Reputation: 776
I am looking for a way to capture text and its paragraph title from a text document.
Text File:
paraTitle-1
--------
Lines and words
empty....
more lines
still part of paraTitle-1
paraTitle-2
--------
Lines and words
empty....
more lines
still part of paraTitle-2
I want to capture both the titles and the text below them.
array = [paraTitle-1: <text...below paraTitle-11>,
paraTitle-2: <text below paraTitle-2>]
I made a few attempts with pattern (?<=(.*))\n----*\n(?=(.*))
to no avail. Any guidance would be awesome.
Upvotes: 0
Views: 45
Reputation: 159086
The following regex will do:
(?!--------\R)(.*)\R--------\R((?:\R?(?!.*\R--------\R).*)+)
See regex101.
The title separator line (--------
) can also be specified as -{8}
, which is easier to adjust to variable length if needed, e.g. instead of exactly 8 dashes, it could be 6 or more: -{6,}
Explanation:
Capture a line of text (paragraph title):
(.*)\R
.
doesn't match line break characters\R
matches line breaks, including the Windows CRLF pair.

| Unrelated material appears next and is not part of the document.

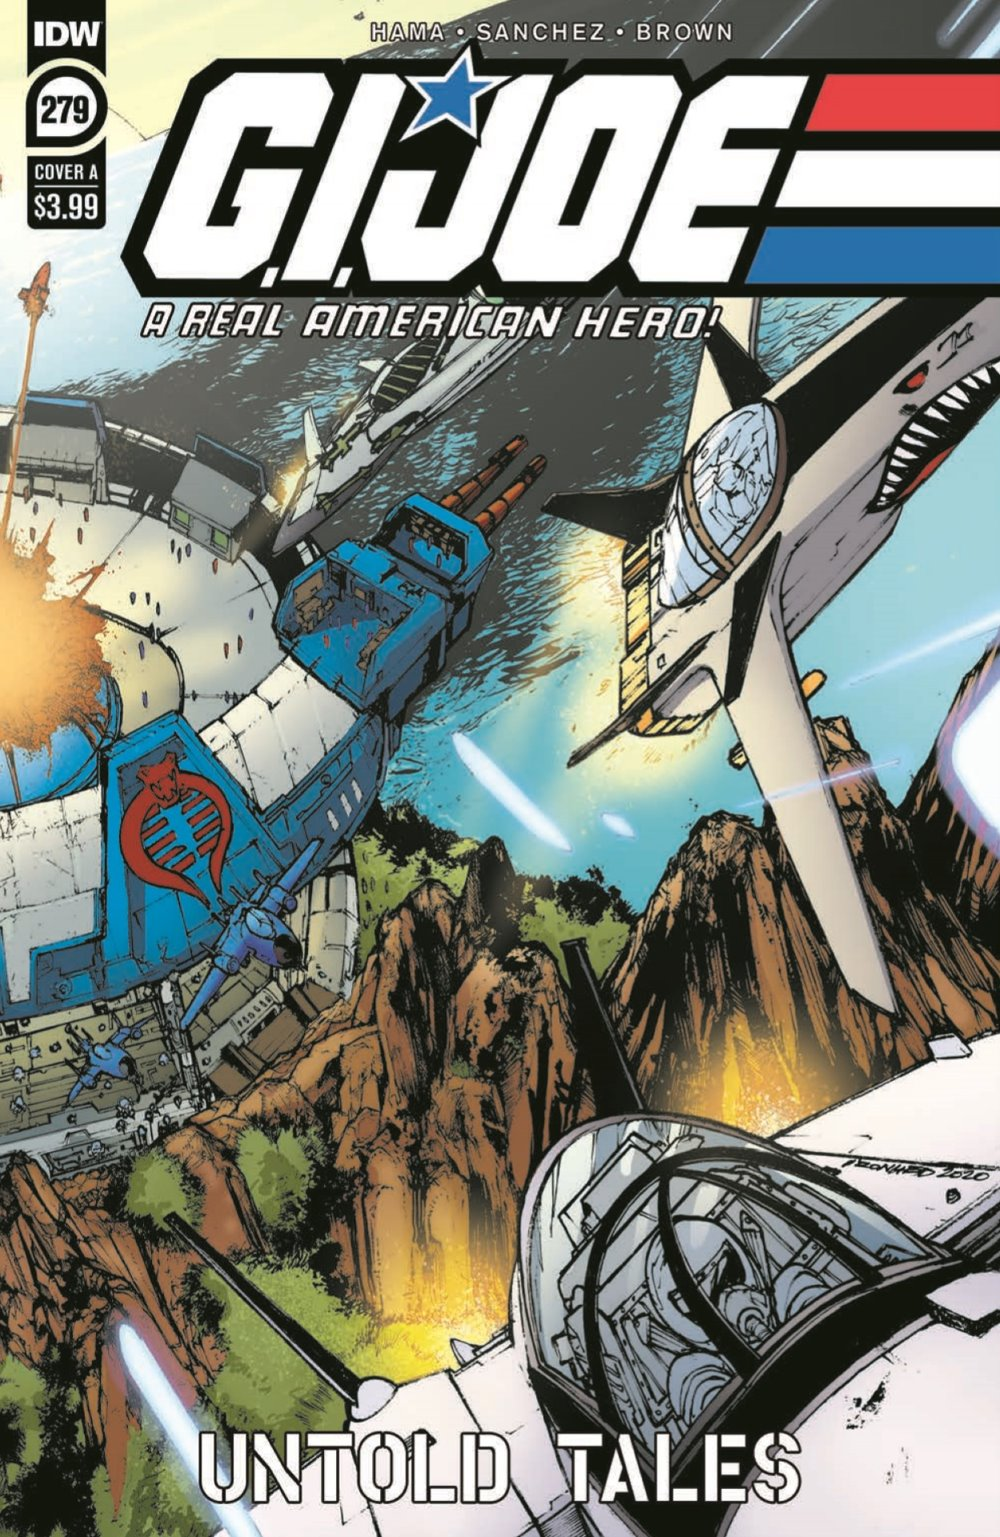 GIJoeRAH279-pr-1 ComicList Previews: G.I. JOE A REAL AMERICAN HERO #279
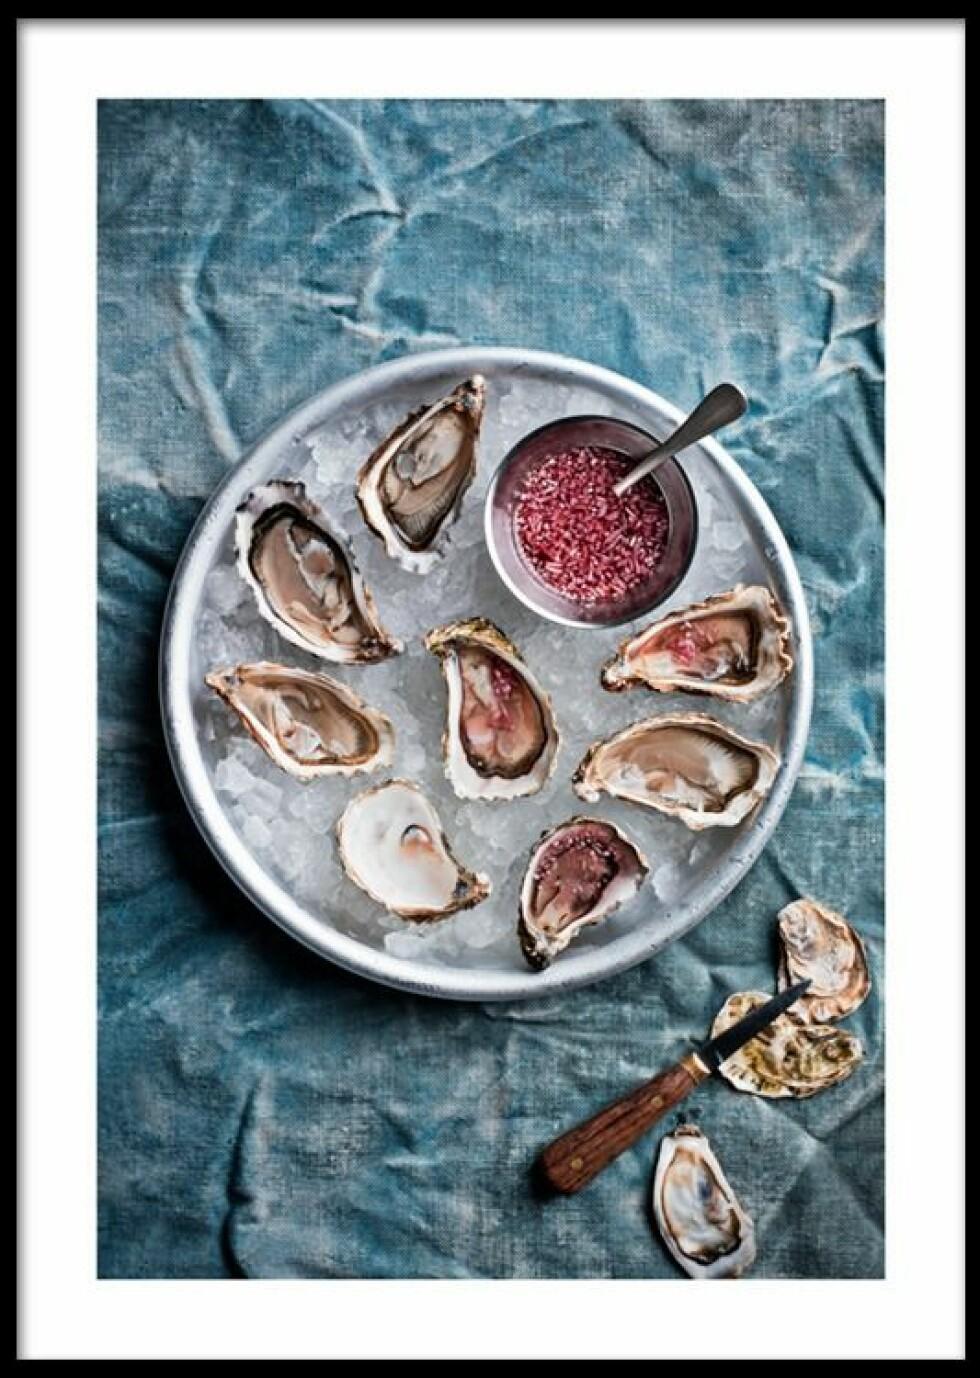 "Plakat ""oyster"" |129,-| https://desenio.no/no/artiklar/oysters-plakat.html"

If your regex engine doesn't support \R
, use \r?\n
as a simple alternative.Make sure the captured text is not the title separator line:
(?!--------\R)
Skip the mandatory title separator line:
--------\R
Capture the paragraph text, as a repeating group of lines:
((?:xxx)+)
A line has an optional leading line break (first line doesn't have one):
\R?.*
But make sure the line is not the title of the next paragraph, i.e. it's not a line followed by the title separator line.
(?!.*\R--------\R)
Upvotes: 1